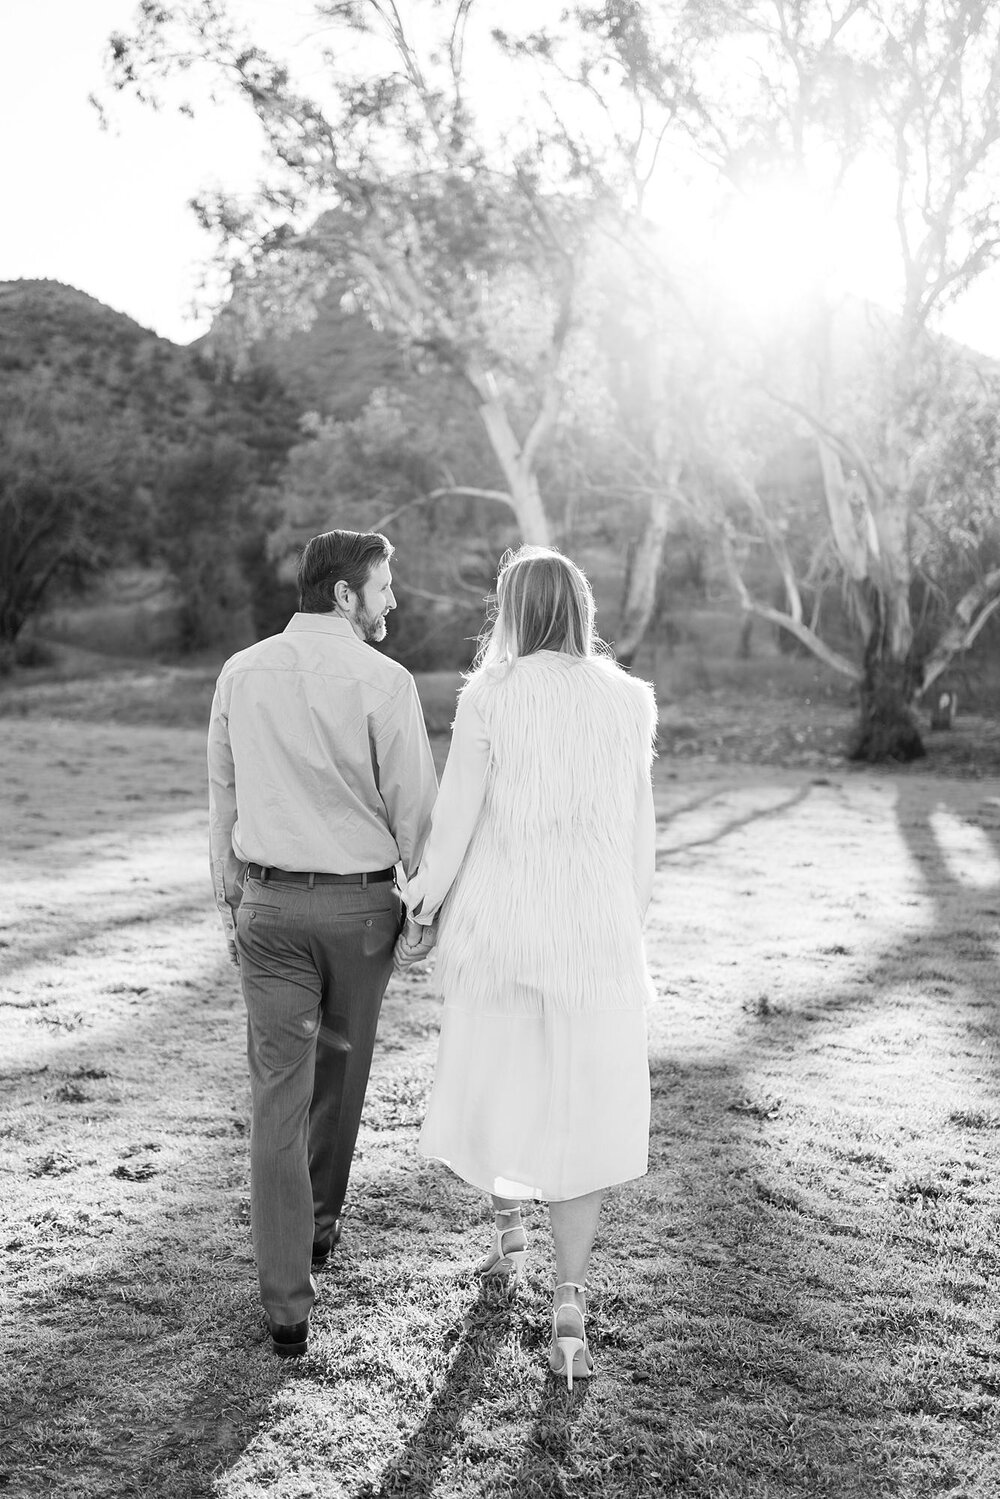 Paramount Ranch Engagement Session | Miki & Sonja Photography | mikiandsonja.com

---

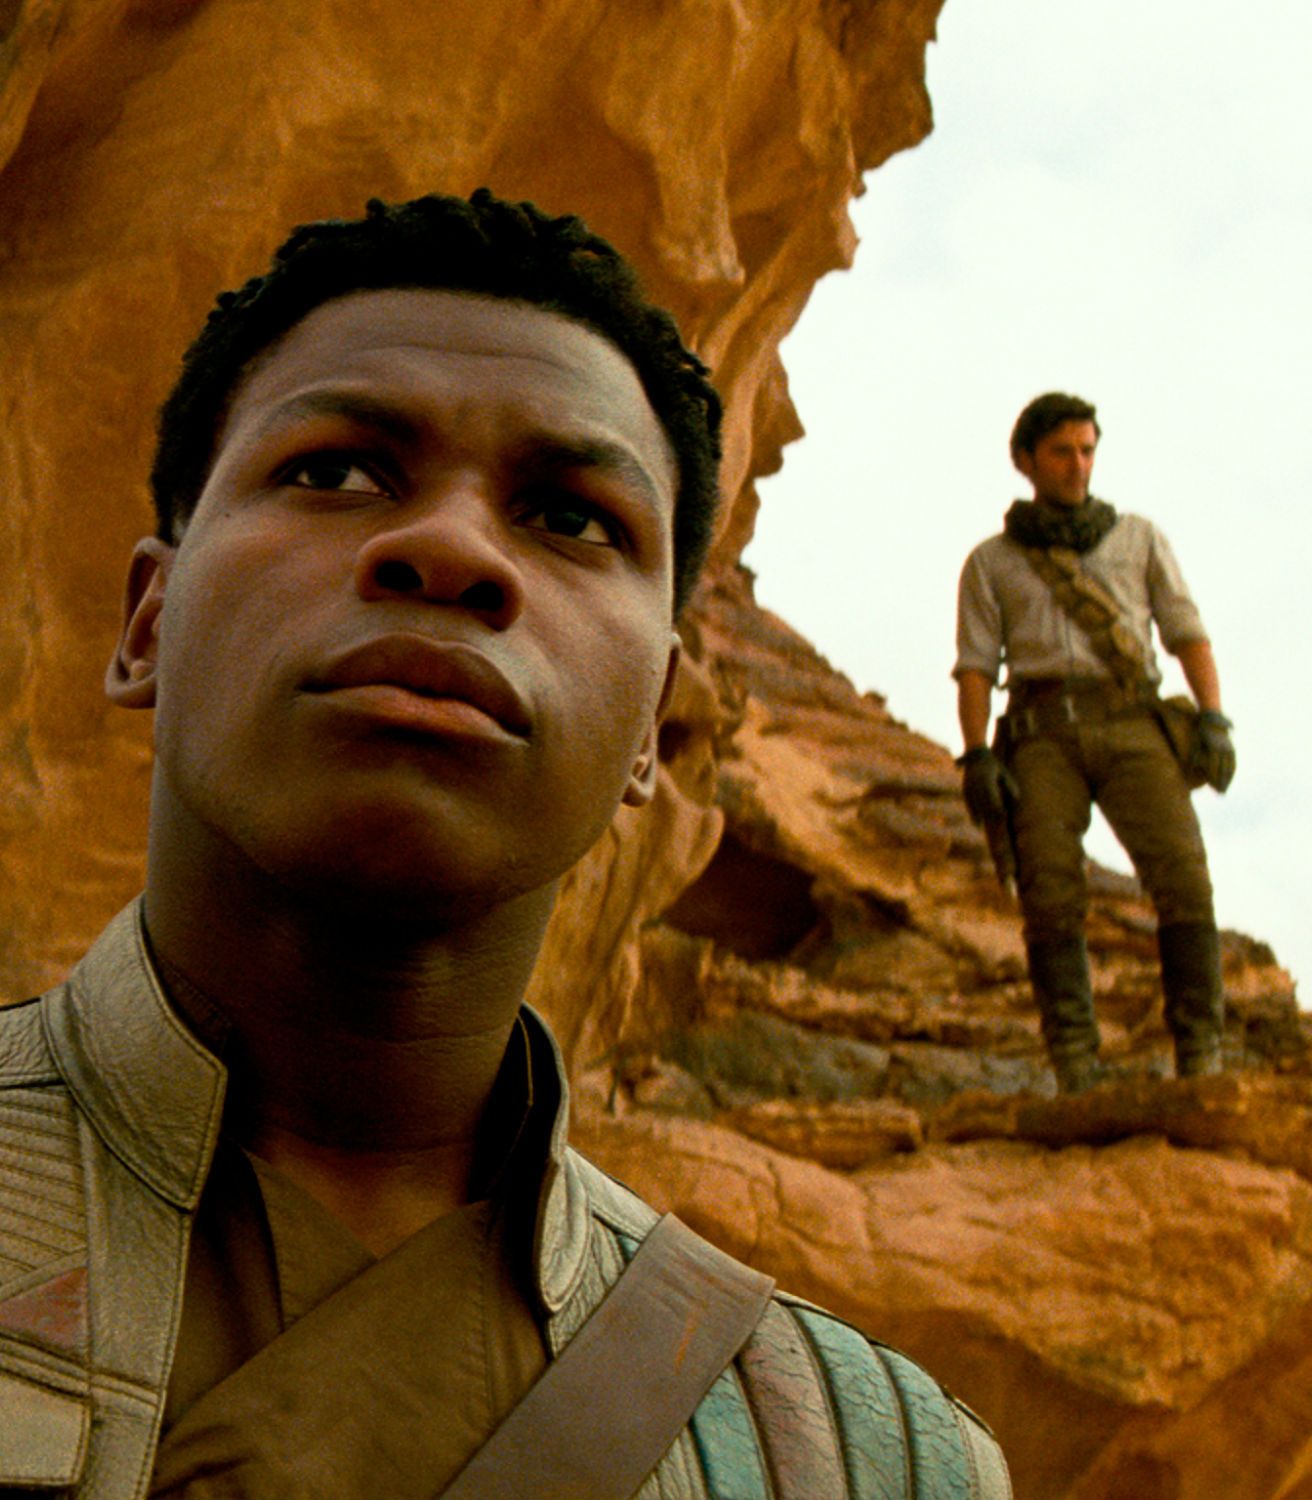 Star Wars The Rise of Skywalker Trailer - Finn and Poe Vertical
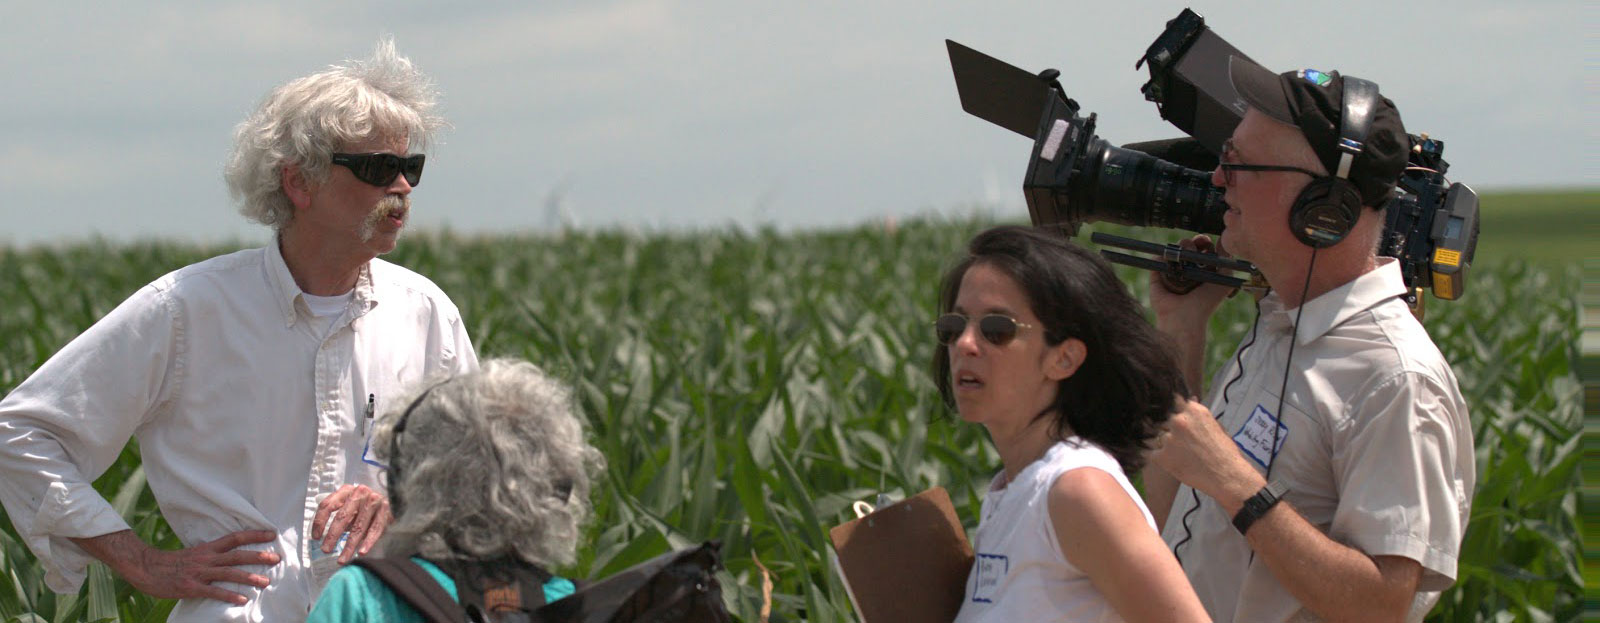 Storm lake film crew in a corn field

--

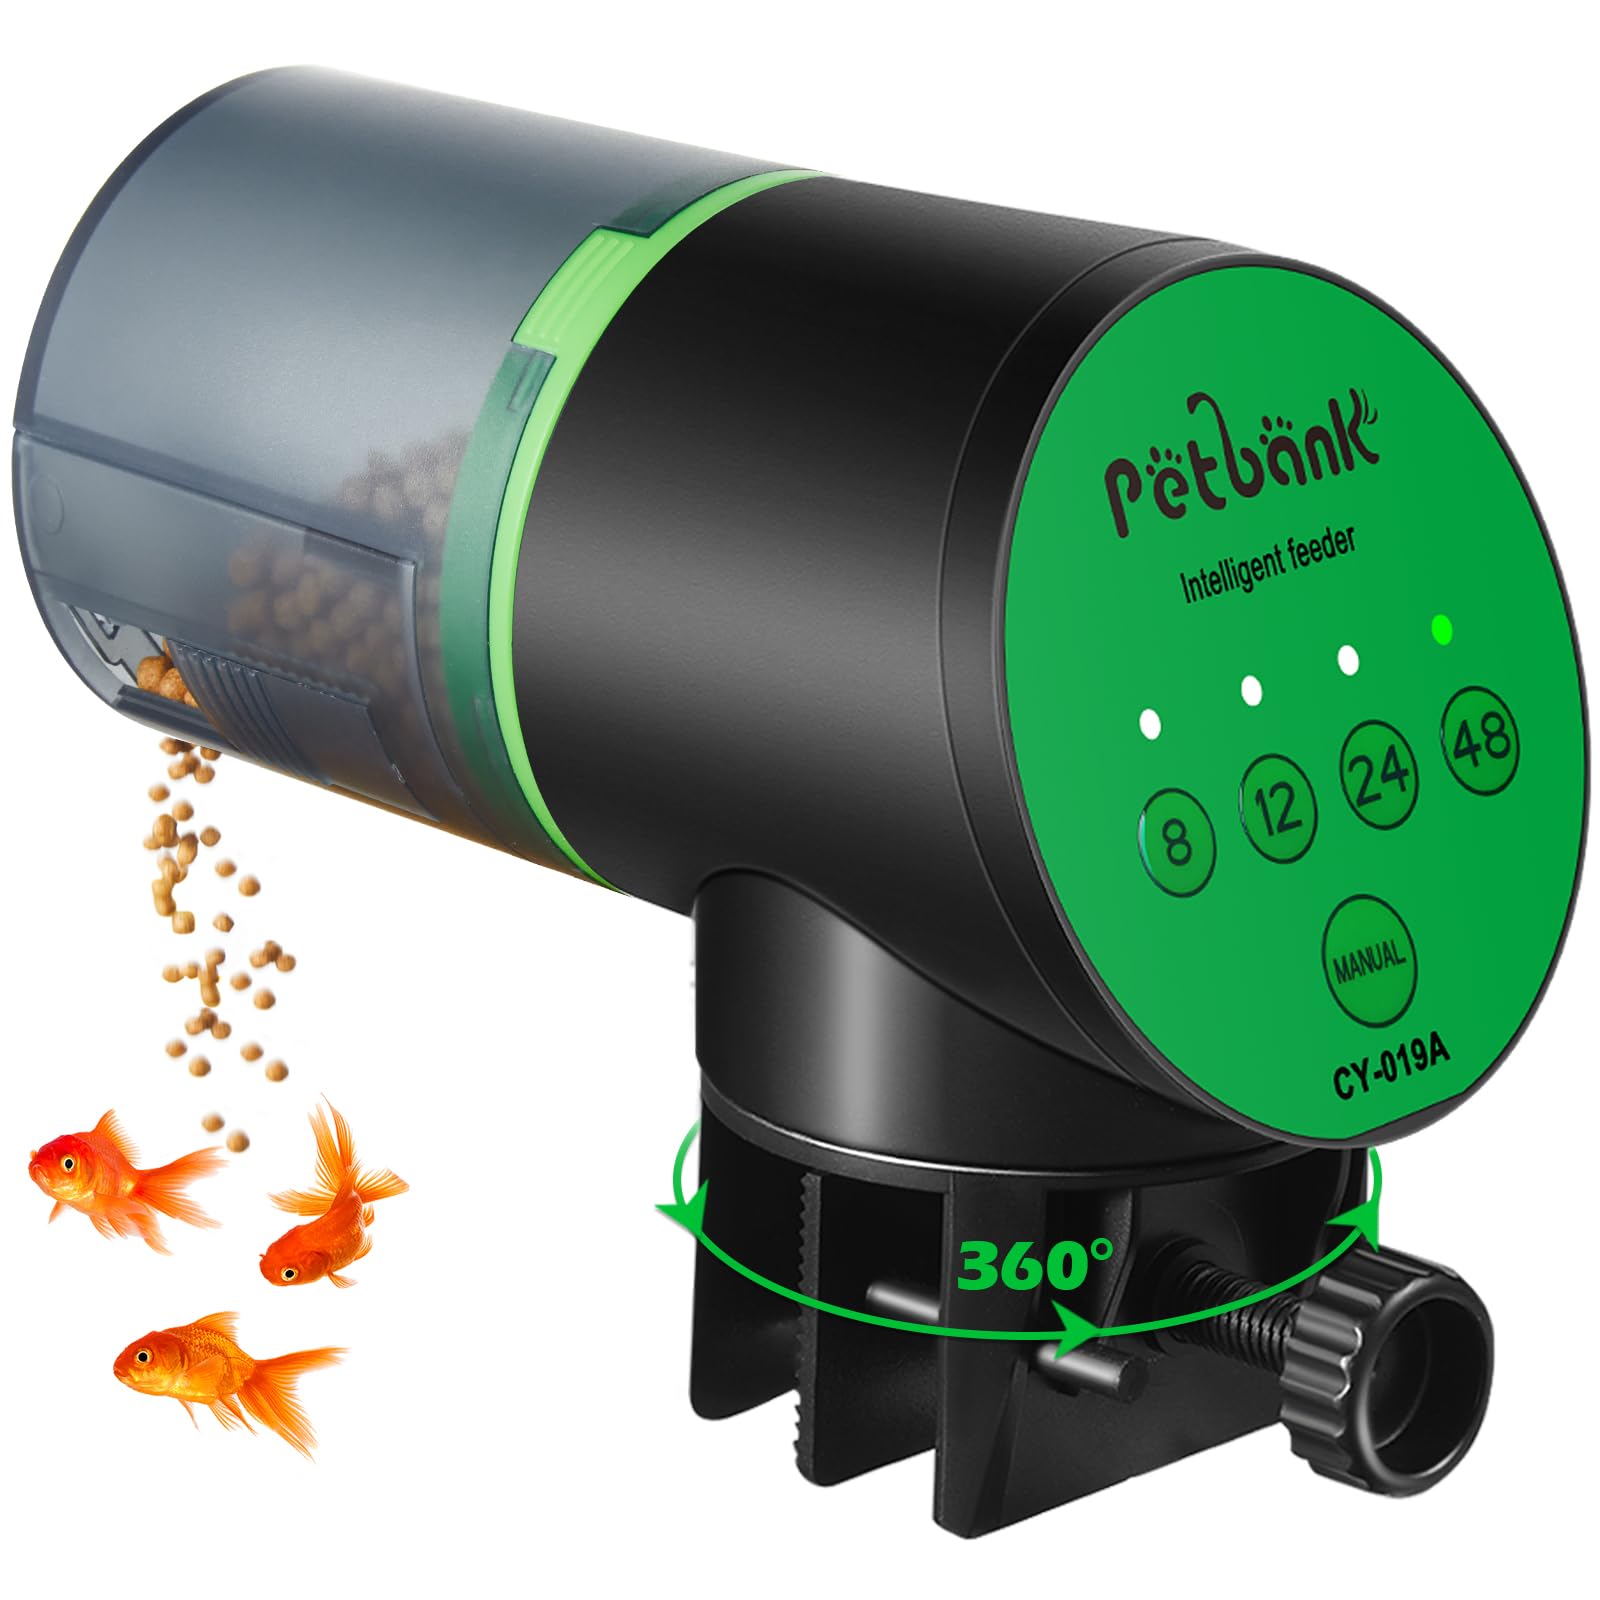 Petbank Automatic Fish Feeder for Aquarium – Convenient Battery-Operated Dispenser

** Assignment **
Excerpt from the records above: set down only the lines from the one that contains "Star Wars The" through the one that contains "Storm lake film crew in a corn field", inclusive, word for word. Pictures stay out.

** Result **
 Star Wars The Rise of Skywalker Trailer - Finn and Poe Vertical
 Storm lake film crew in a corn field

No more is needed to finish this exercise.